The BikeComputer program implements a bootloader as documented in the bootloader codelab. The update process is fully functional based on the following requirements:
- Candidate application updates can be downloaded to the target device while the BikeComputer program is running.
- The maximum number of candidate applications can be stored on the target device, depending on the candidate application size and the available Flash memory. A new firmware is downloaded to a slot that is not containing any candidate application or to the slot that contains the oldest candidate application.
- At boot time, if a candidate application is present, it is copied to the active application slot, before the BikeComputer program starts.

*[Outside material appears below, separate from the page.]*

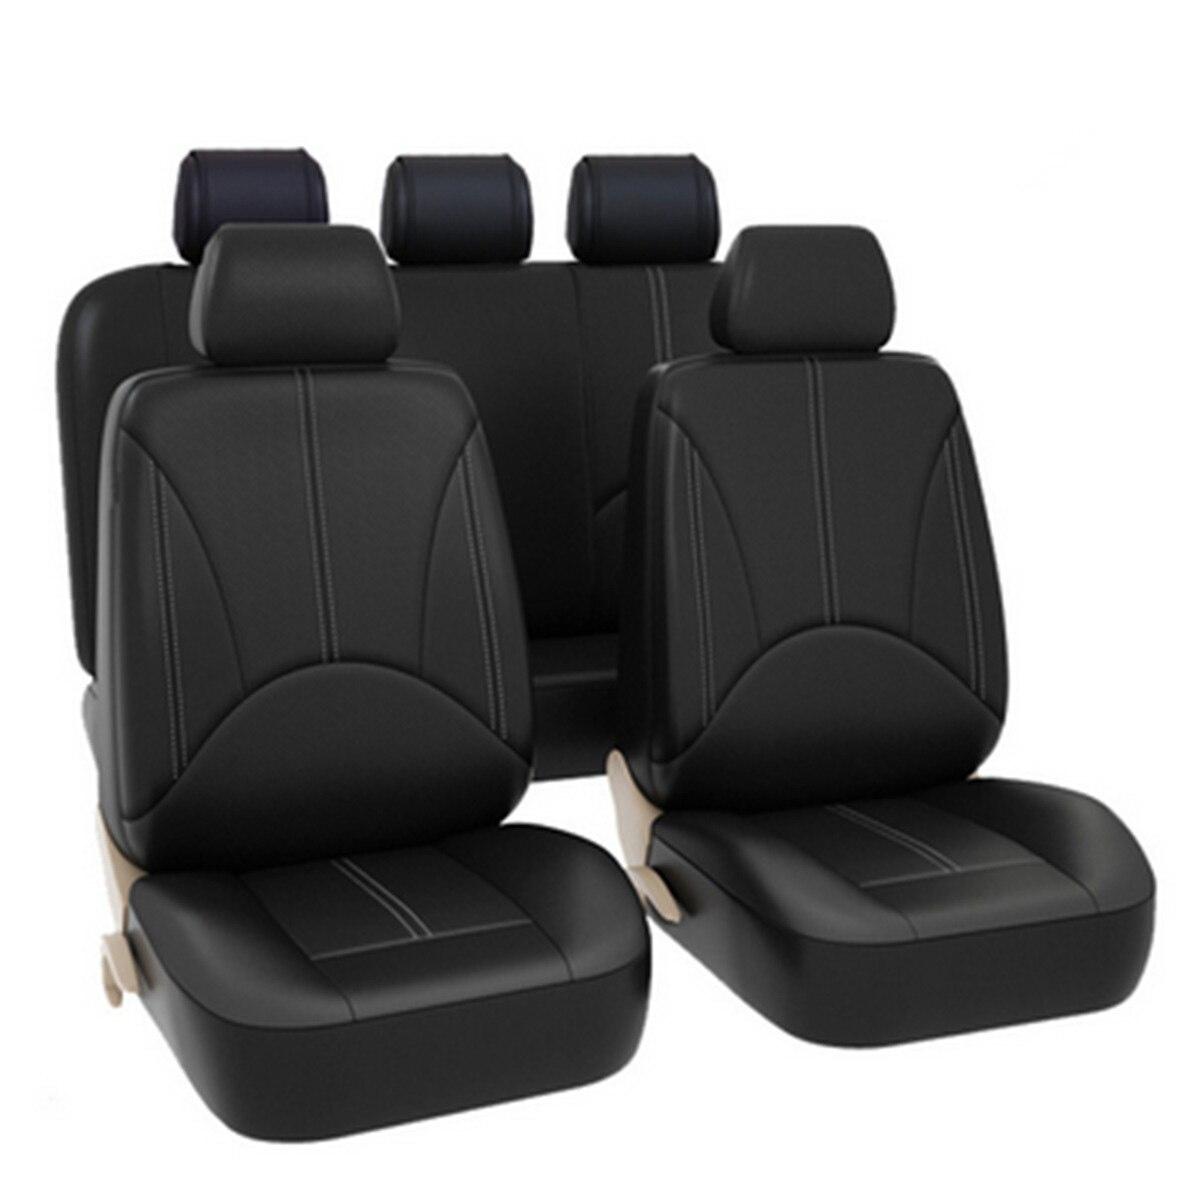 Back Seat Cover Head Rest Parts Car Auto Universal Dirt resistant Black
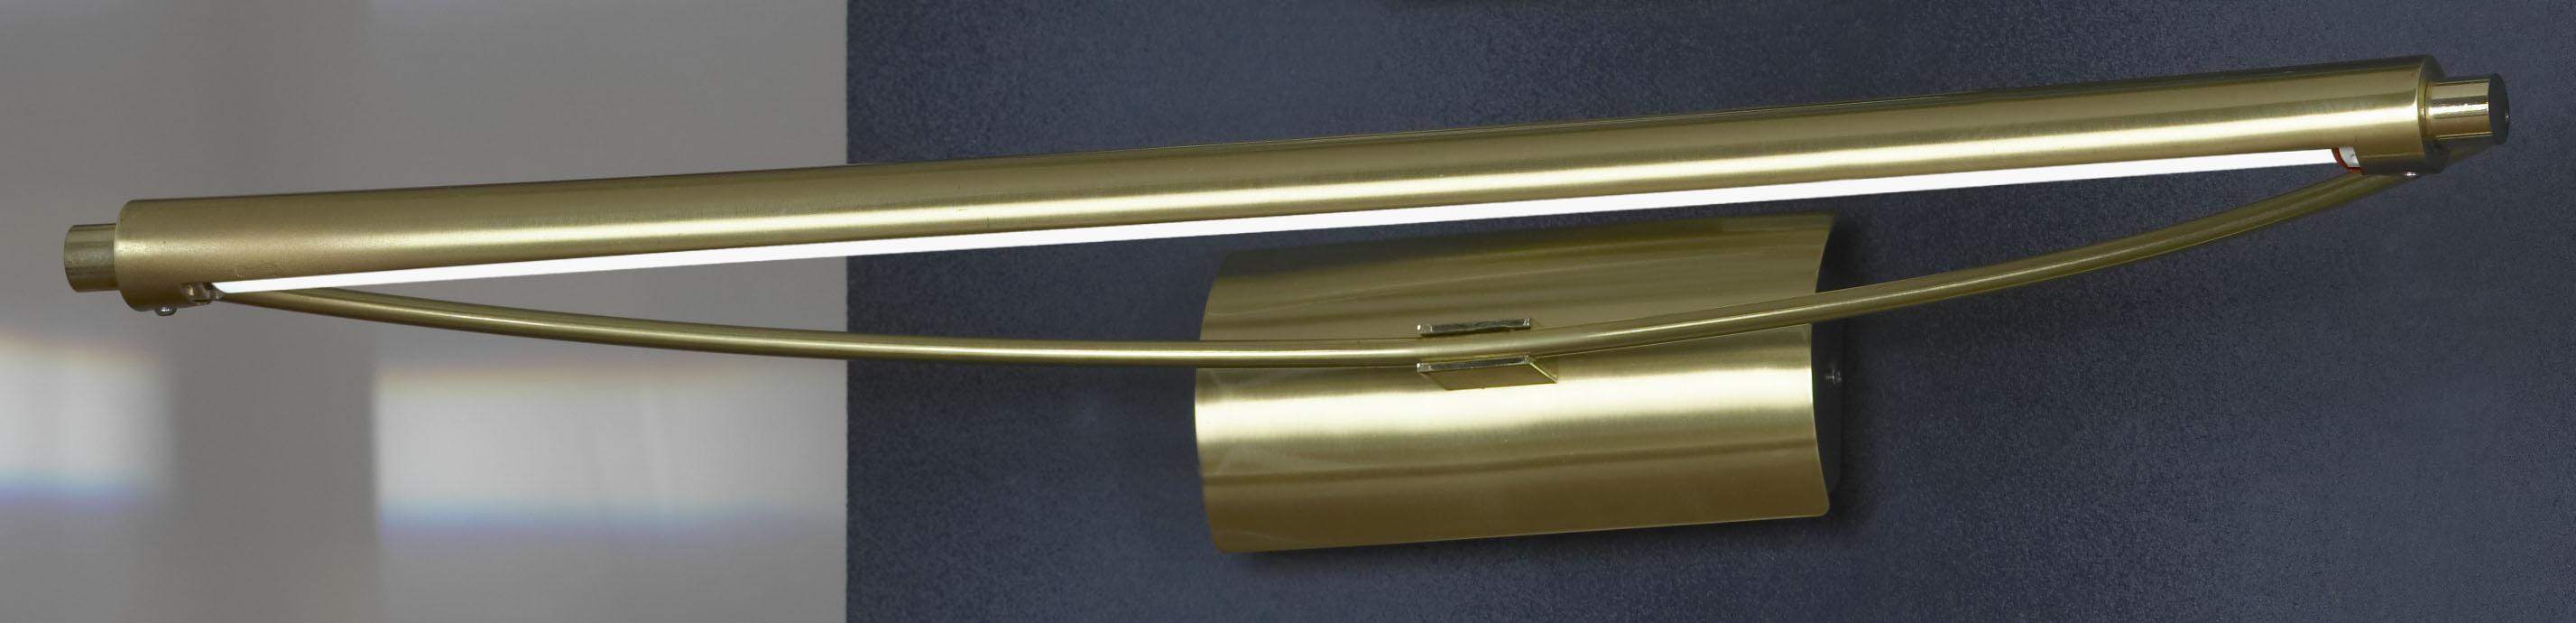 Подсветка для картин Lussole Lsl-6251-01

After installation of the new application, the system can be resetted and the updated BikeComputer is ultimately launched.
- At boot time, if several candidate applications are present, the newest application must be chosen.
- A candidate application might be installed (copied to the active application slot) only if it is newer than the active application.
- The candidate or active applications must be validated before they are installed or launched.

Expected Deliverables

Deliverable: All requirements described above are met.
Deliverable: The deliverables described in the bike computer part 3 codelab are parts of the project deliverables.
Deliverable: An answer to the question asked in the bike computer part 3 codelab is given and documented in the README file of your project.
Deliverable: The bootloader application is delivered in a sub-folder named “bootloader” in your github repository. You must make sure of the following:
- Your BikeComputer program “.mbedignore” file is configured for ignoring this subfolder.
- Your BikeComputer program must compile properly when the bootloader is located as a subfolder in the root directory of the application. It must also be configured for integrating the bootloader binary properly.
- Your bootloader application must compile properly if you compile it using the “mbed compile -m DISCO_H747I -t ARMC6” command in a Mbed Studio terminal window.
Deliverable: the “DISCO_H747I” and “advembsof” libraries are updated to the latest versions.

Bug Fixes from Phase 2

After you delivered the Phase 2 of the project, a few issues related to your project may have been created. These will need to be fixed within Phase 3. The procedure for fixing bugs is the same as the one documented for Phase 2.